Page MenuHomePhabricator

uwsgi takes a long time to restart (Debian Jessie in labs)
Closed, ResolvedPublic

Description

For some reason, uwsgi server restarts take a very long time on my labs servers. On my local machine, uwsgi with the same configuration takes seconds. On the labs servers, it takes 1-2 minutes.

Labs servers tested on:

  • ores-web-01.eqiad.wmflabs (uwsgi-ores-web)
  • ores-web-02.eqiad.wmflabs (uwsgi-ores-web)
  • ores-staging-01.eqiad.wmflabs (uwsgi-ores-web)

Event Timeline

Halfak assigned this task to yuvipanda.
Halfak raised the priority of this task from to Needs Triage.
Halfak updated the task description. (Show Details)
Halfak added a project: SRE.
Halfak subscribed.
yuvipanda renamed this task from uwsgi takes a long time to restart (Debian Jessie in labs) to uwsgi takes a long time to restart .Nov 12 2015, 8:22 PM
yuvipanda set Security to None.

Ive noticed the same thing on other servers too - I think graphite, invisible-unicorn etc all take a loooong time to restart.

Halfak renamed this task from uwsgi takes a long time to restart to uwsgi takes a long time to restart (Debian Jessie in labs).Nov 12 2015, 8:23 PM
Halfak updated the task description. (Show Details)
fgiunchedi triaged this task as Medium priority.Dec 1 2015, 12:38 PM
fgiunchedi subscribed.

I can't reproduce on graphite2.eqiad.wmflabs using service, it is a specific command taking a long time to return or uwsgi to come up and bind the port or sth like that?

$ /usr/bin/time sudo service uwsgi-graphite-web restart
uwsgi-graphite-web stop/waiting
uwsgi-graphite-web start/running, process 28006
0.10user 0.02system 0:01.24elapsed 10%CPU (0avgtext+0avgdata 8348maxresident)k
0inputs+0outputs (0major+5825minor)pagefaults 0swaps

A uwsgi start takes less than one second.
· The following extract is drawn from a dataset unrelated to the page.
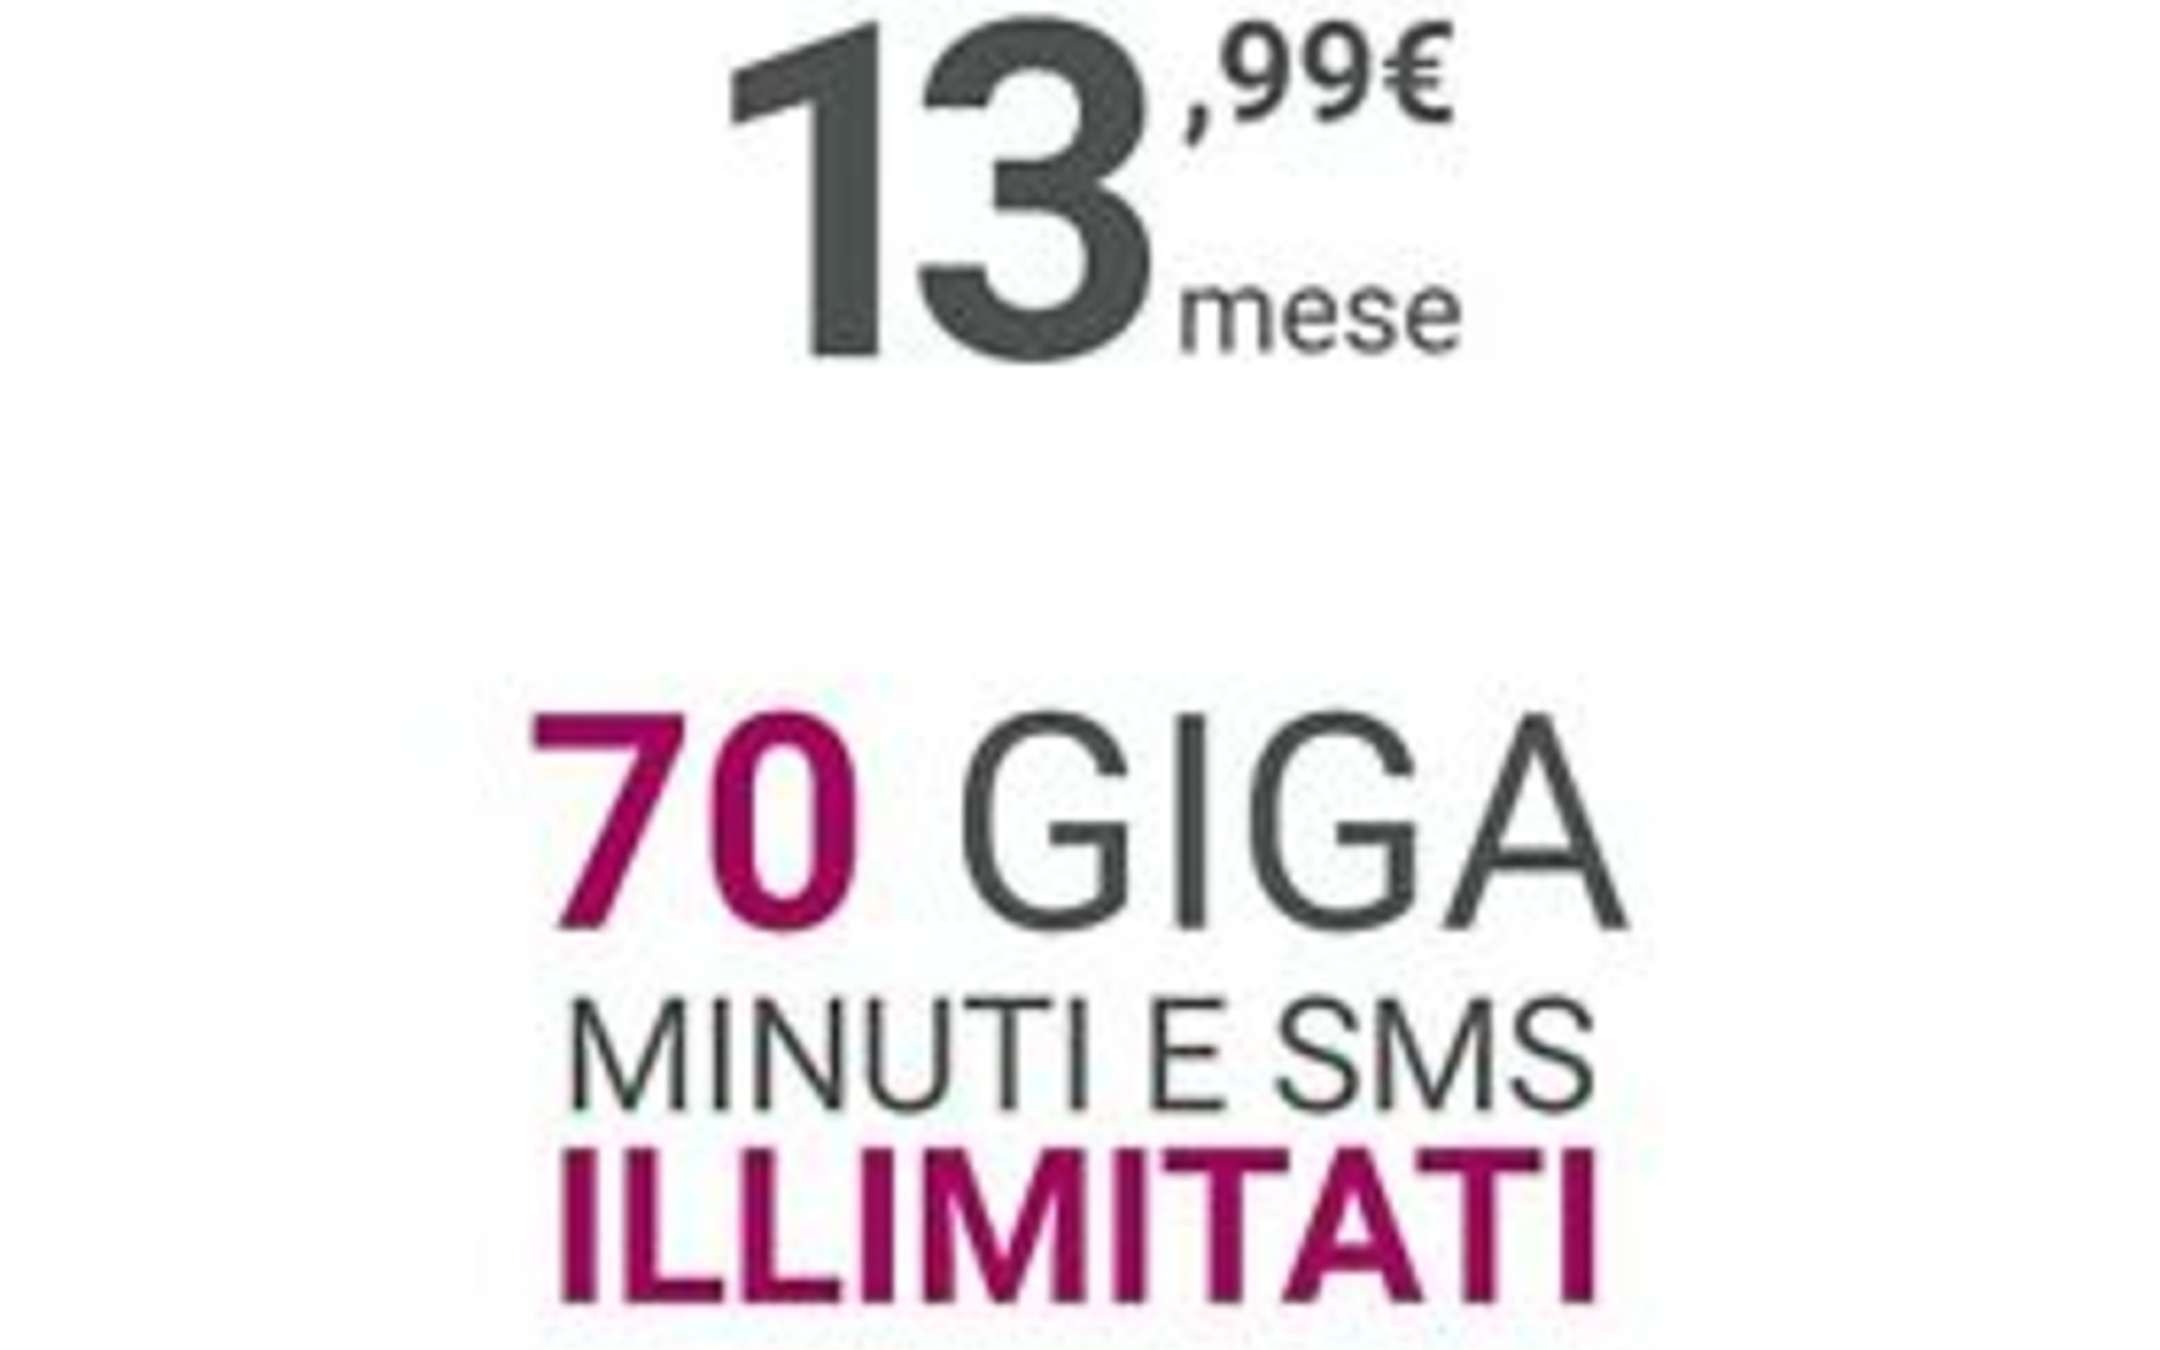 Kena Mobile: Promo a 13,99€ disponibile per tutti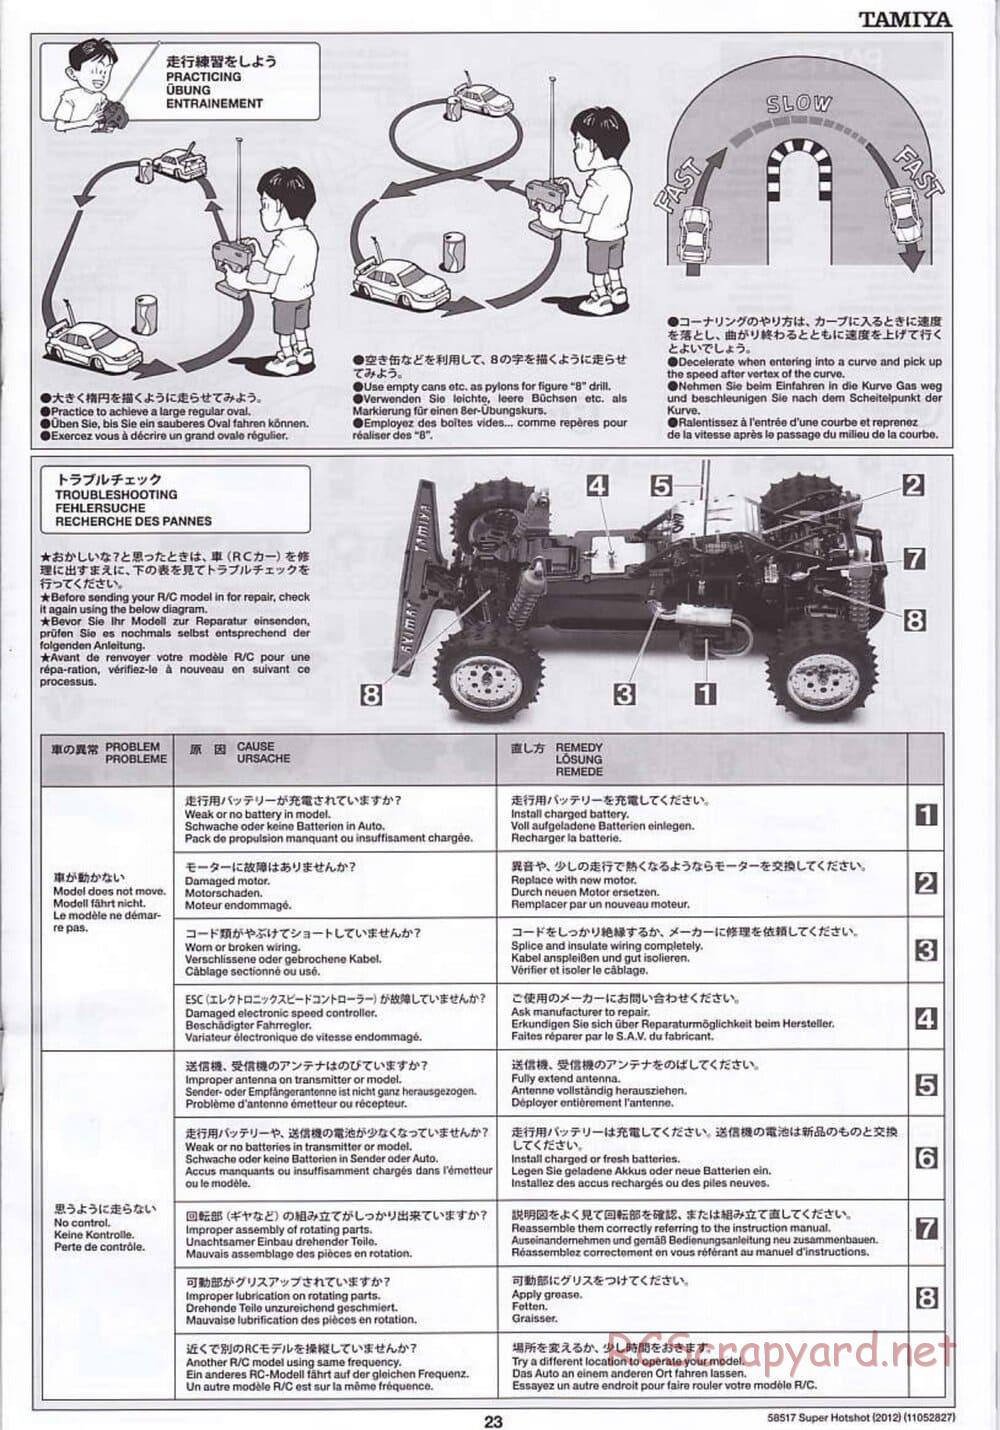 Tamiya - Super Hotshot 2012 - HS Chassis - Manual - Page 23

The majority of the waiting seems to happen when stopping the last uwsgi. I ran these commands on our staging server while no traffic was being directed to the instance.

halfak@ores-staging-02:~$ time sudo service uwsgi-ores-web restart

real	1m30.771s
user	0m0.044s
sys	0m0.008s
halfak@ores-staging-02:~$ time sudo service uwsgi-ores-web stop

real	1m31.253s
user	0m0.032s
sys	0m0.016s
halfak@ores-staging-02:~$ time sudo service uwsgi-ores-web start

real	0m0.138s
user	0m0.020s
sys	0m0.012s

Here's the relevant configuration for the ores uwsgi process: https://github.com/wikimedia/operations-puppet/blob/production/modules/ores/manifests/web.pp#L11

ORES starts up a lot of workers per core (currently 28!), so lets' compare to wikilabels which only starts 4 processes per core and uses minimal memory per process.

halfak@wikilabels-staging-01:~$ time sudo service uwsgi-wikilabels-web restart

real	1m30.325s
user	0m0.040s
sys	0m0.004s
halfak@wikilabels-staging-01:~$ time sudo service uwsgi-wikilabels-web stop

real	1m30.430s
user	0m0.028s
sys	0m0.020s
halfak@wikilabels-staging-01:~$ time sudo service uwsgi-wikilabels-web start

real	0m3.607s
user	0m0.024s
sys	0m0.012s

See relevant configuration for the wikilabels uwsgi process: https://github.com/wikimedia/operations-puppet/blob/production/modules/wikilabels/manifests/web.pp#L45

Change 281161 had a related patch set uploaded (by Ladsgroup):
Use die-on-term on ores uwsgi

https://gerrit.wikimedia.org/r/281161

I checked logs and it seems uwsgi service can't shut down with SIGTERM (uwsgi in restart sends SIGHUP to workers and then SIGTERM to the main process) worker gracefully shuts down then the main process ignores SIGTERM (it seems uwsgi can do and it does too often) so after the timeout session wich is 90 seconds the system sends SIGINT (or another brutal signal) so with adding die-on-term It was able to restart fast:

ladsgroup@deployment-ores-web:/etc$ time sudo service uwsgi-ores-web restart

real	0m1.157s
user	0m0.040s
sys	0m0.024s

Also this article is a very good reading. I think we should implement subscription so when one of our web nodes is restarting, LVS knows that.

Change 281161 merged by Alexandros Kosiaris:
Use die-on-term on ores uwsgi

https://gerrit.wikimedia.org/r/281161